▶ _Source information_
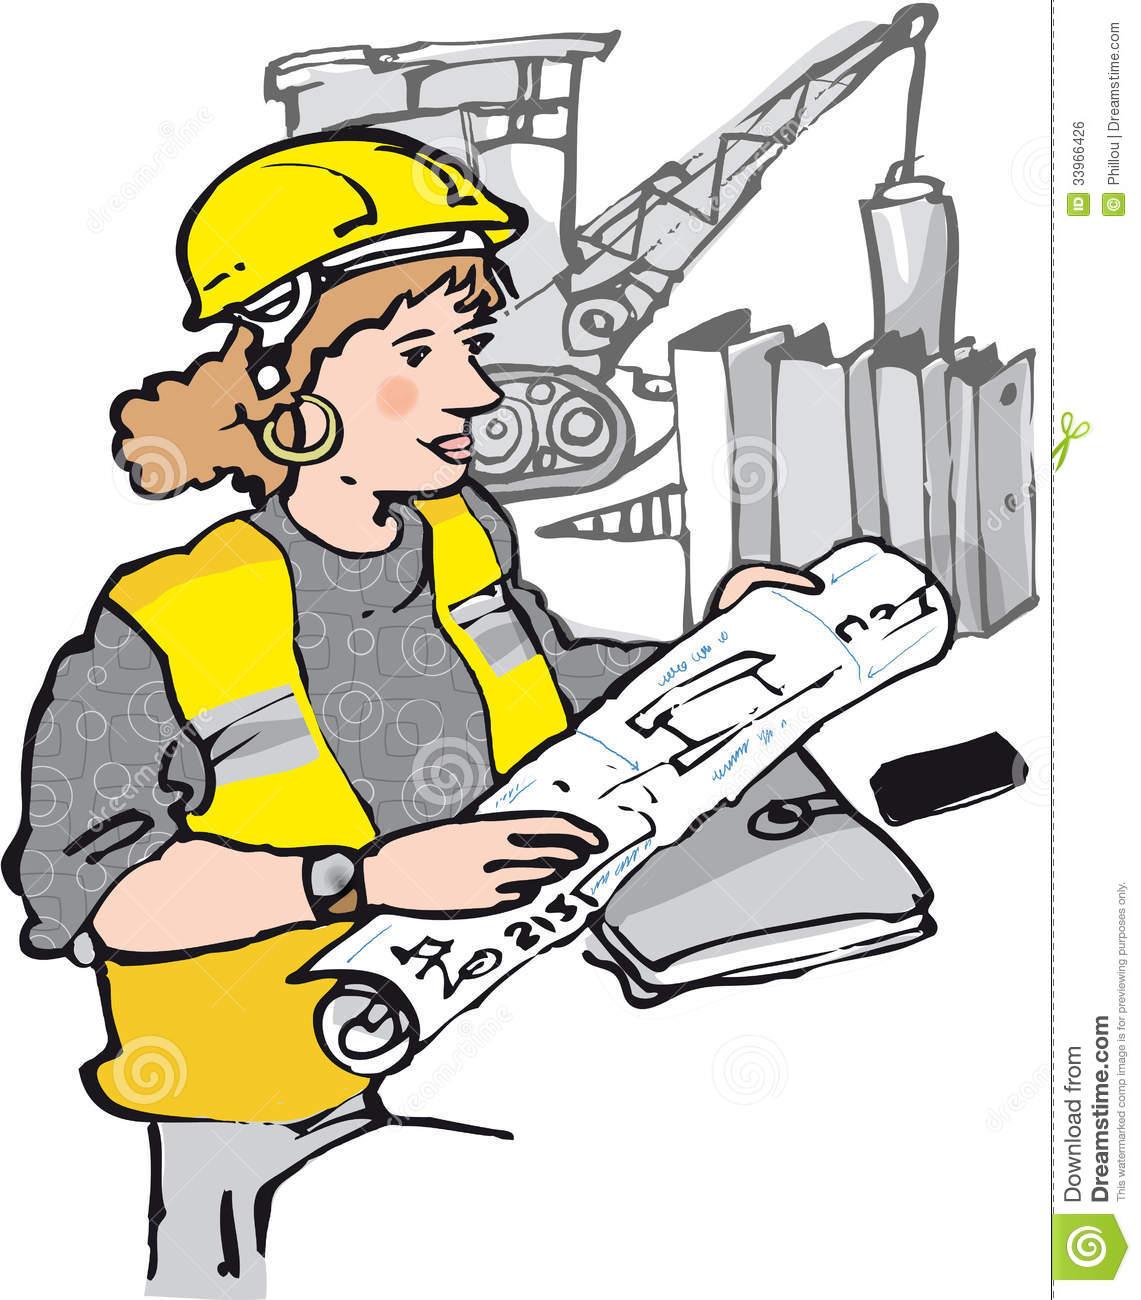 Civil engineering clipart clipart transparent download Female Civil Engineering Clip Art Female Free Engine - Free Clipart clipart transparent download
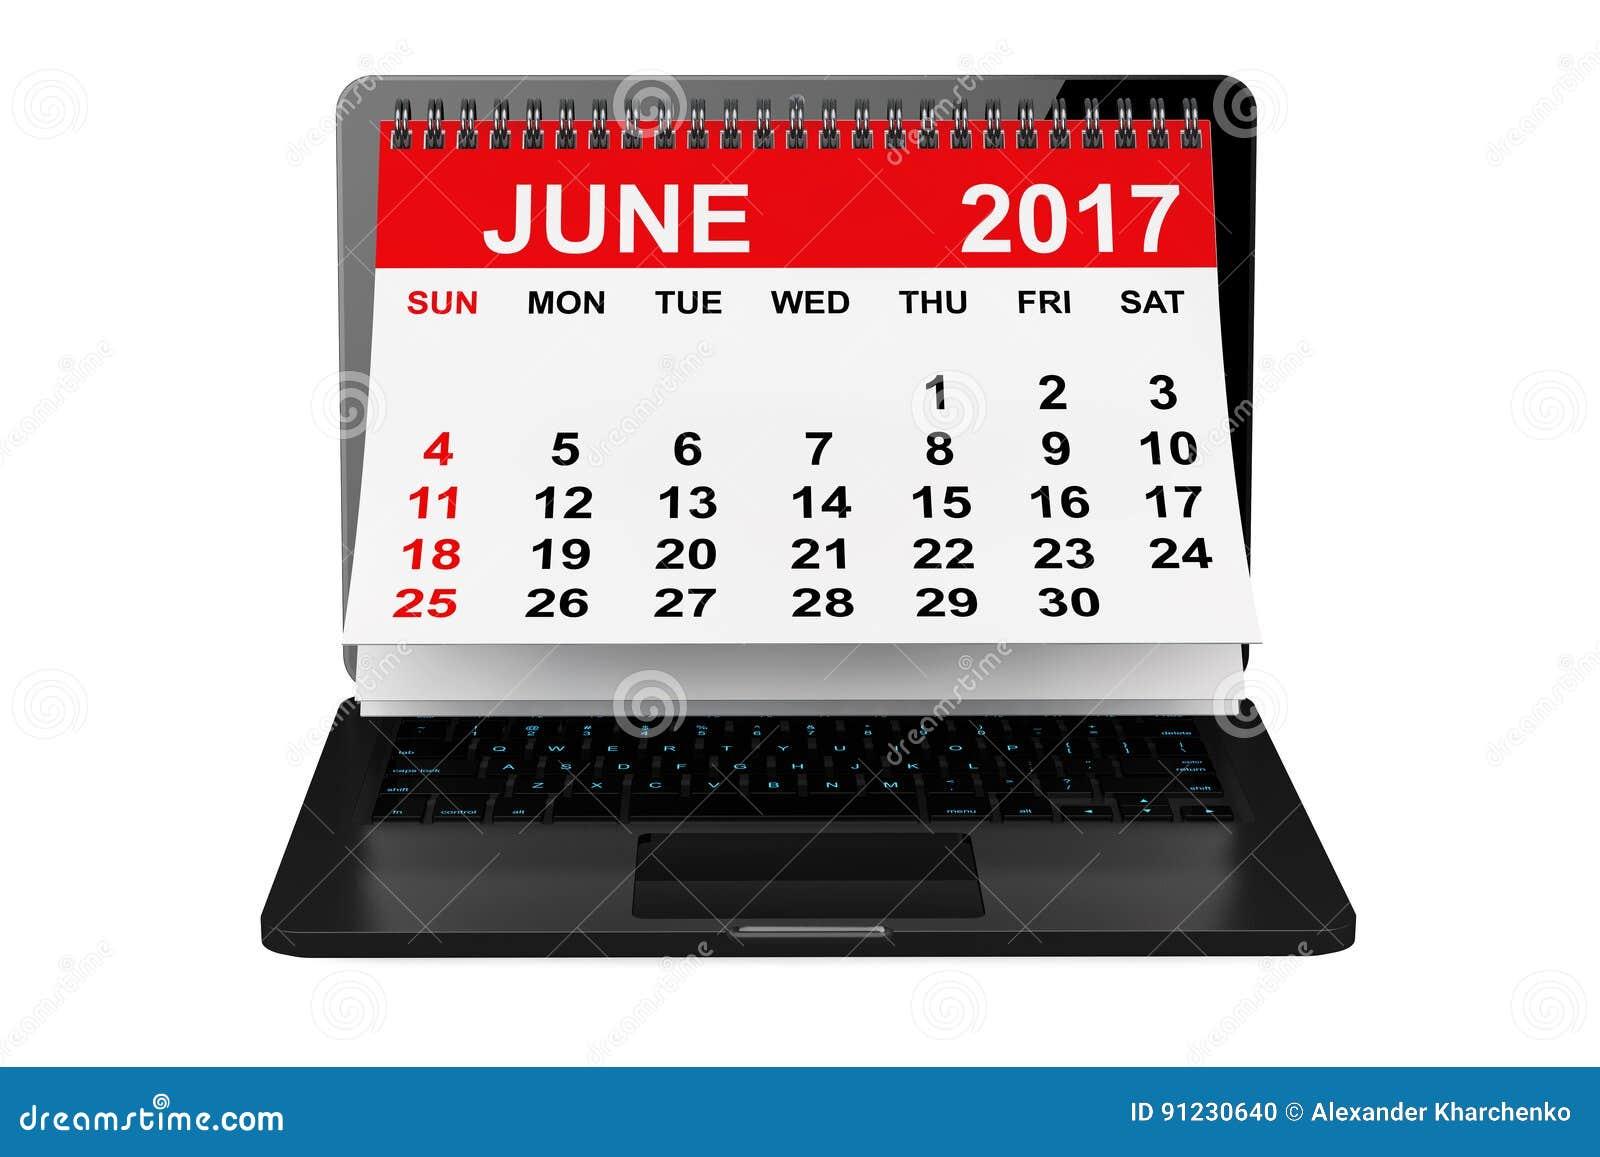 juin 2017 calendrier au dessus d 39 cran d 39 ordinateur portable rendu 3d illustration stock image. Black Bedroom Furniture Sets. Home Design Ideas
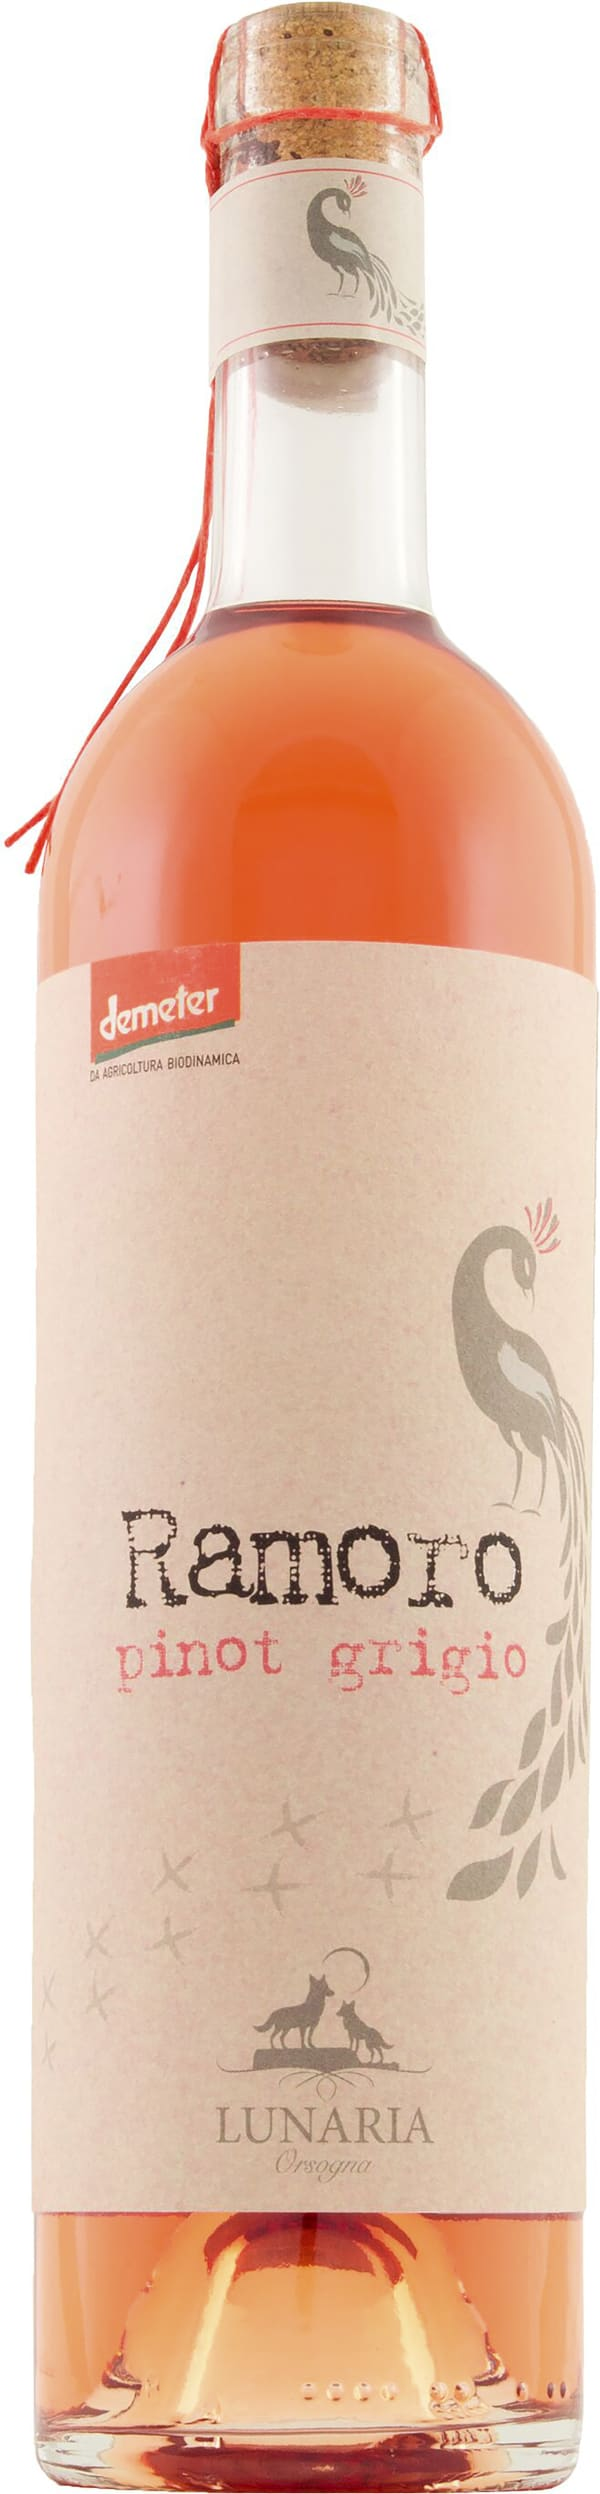 Orsogna Lunaria Ramoro Pinot Grigio Rosé 2018
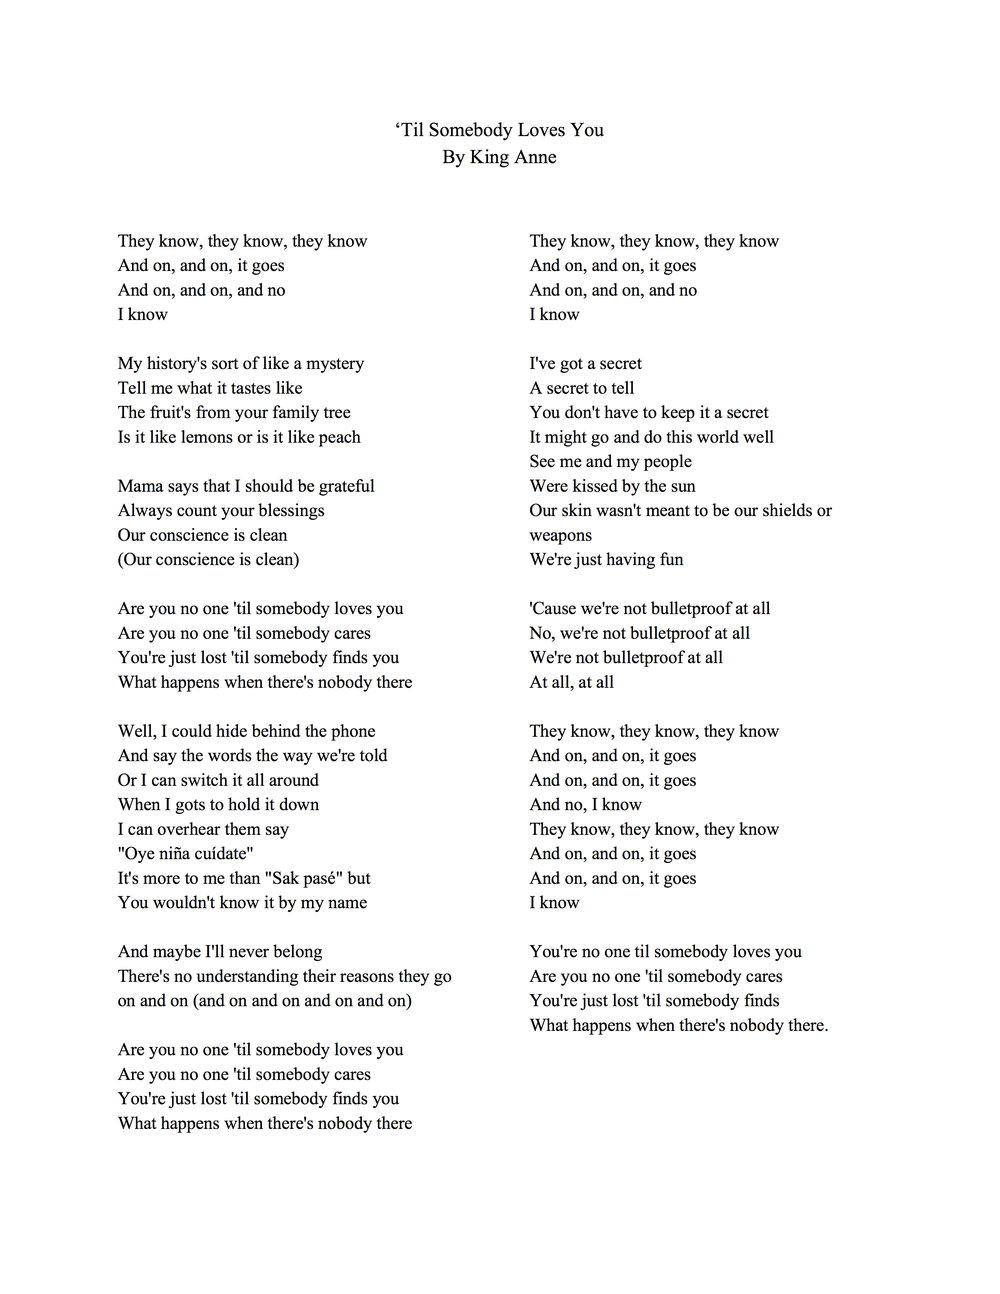 [SONG] 'Til Somebody Loves You by King Anne (1) copy.jpg
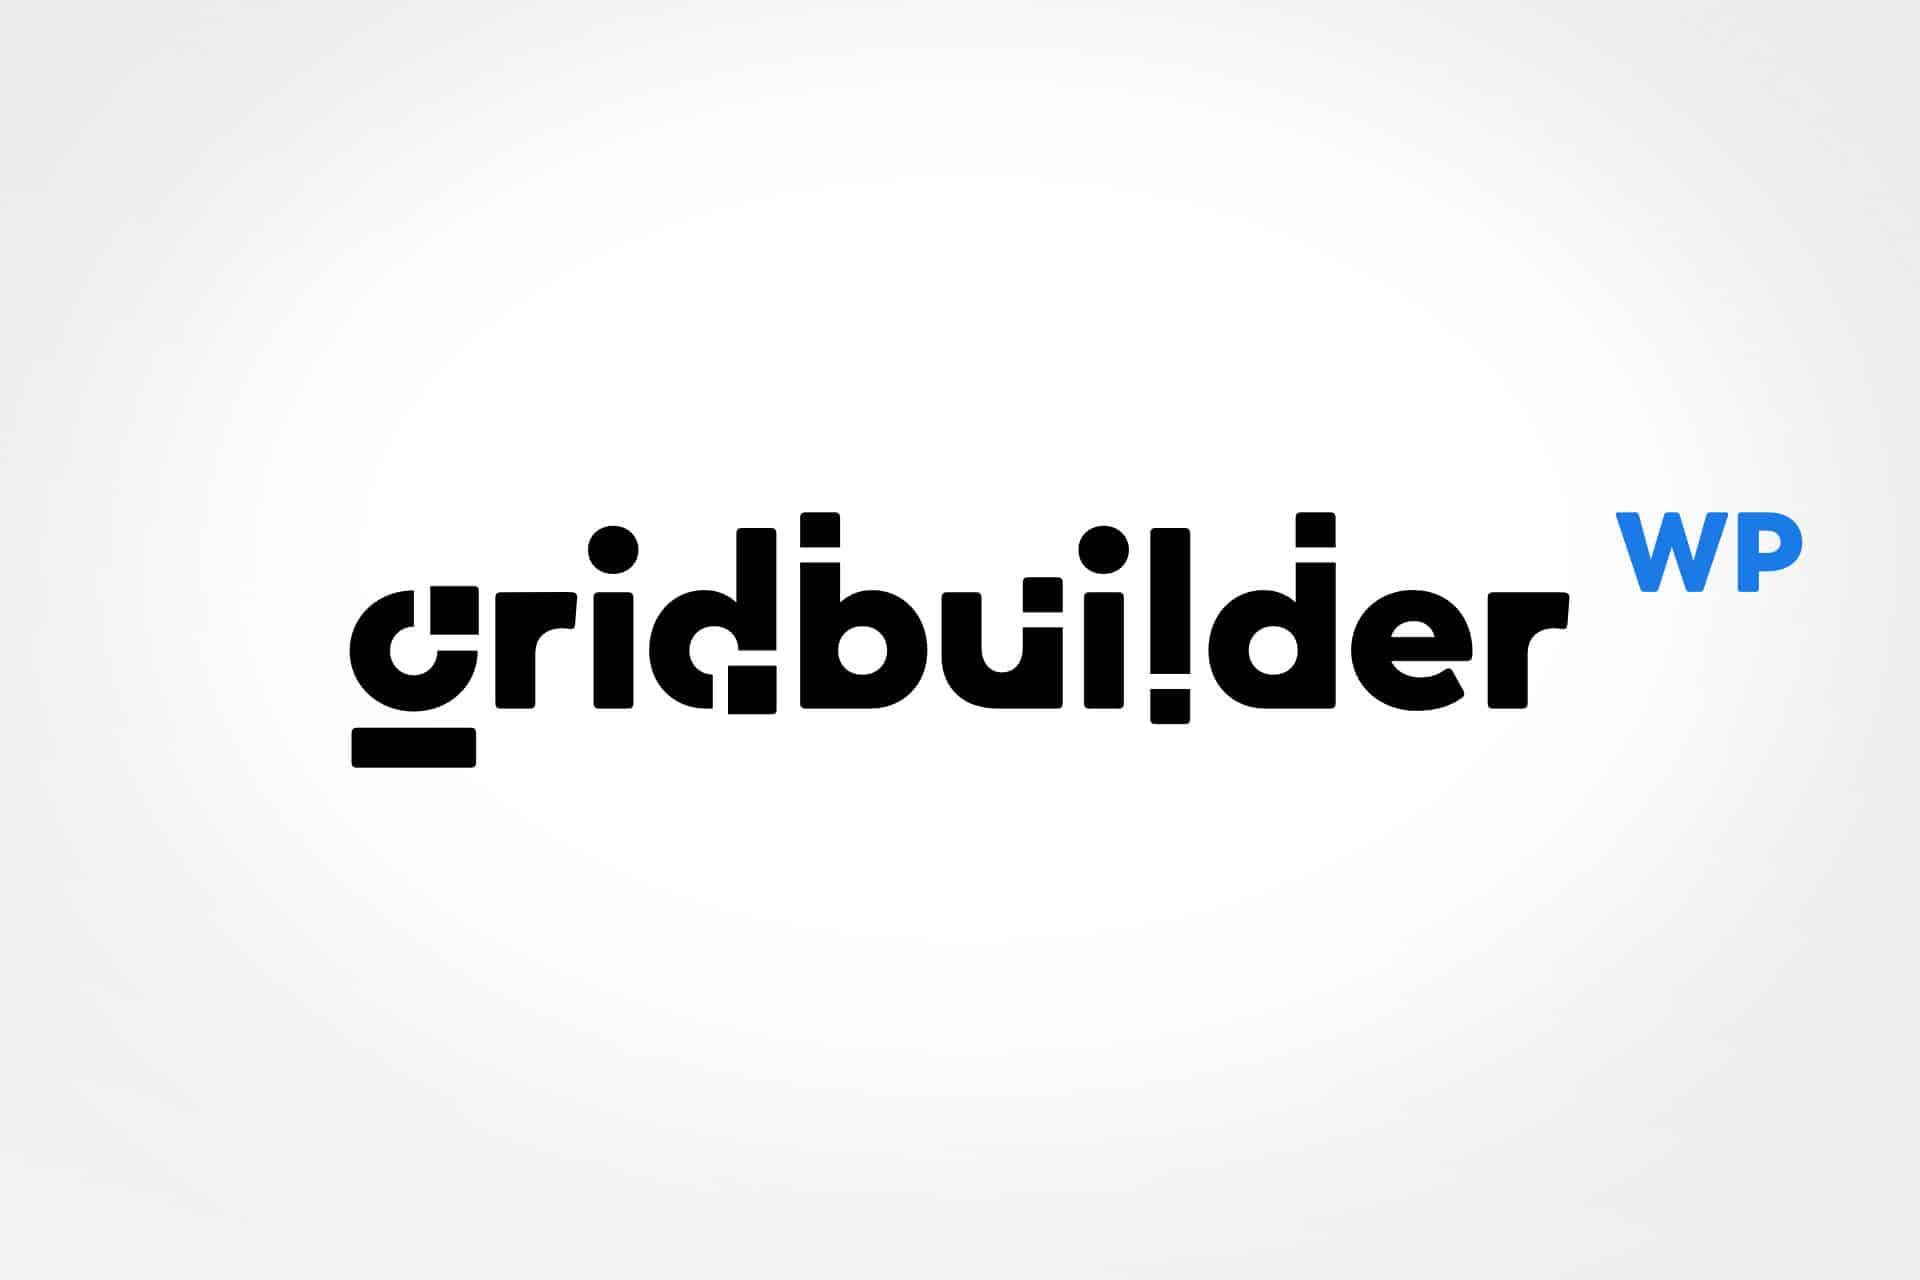 logo wpgridbuilder

▶ _Aim of the exercise_
Set down each of the records precisely, leaving any pictures behind.

▶ _Exercise answer_
 Civil engineering clipart clipart transparent download Female Civil Engineering Clip Art Female Free Engine - Free Clipart clipart transparent download
 juin 2017 calendrier au dessus d 39 cran d 39 ordinateur portable rendu 3d illustration stock image. Black Bedroom Furniture Sets. Home Design Ideas
 Orsogna Lunaria Ramoro Pinot Grigio Rosé 2018
 [SONG] 'Til Somebody Loves You by King Anne (1) copy.jpg
 logo wpgridbuilder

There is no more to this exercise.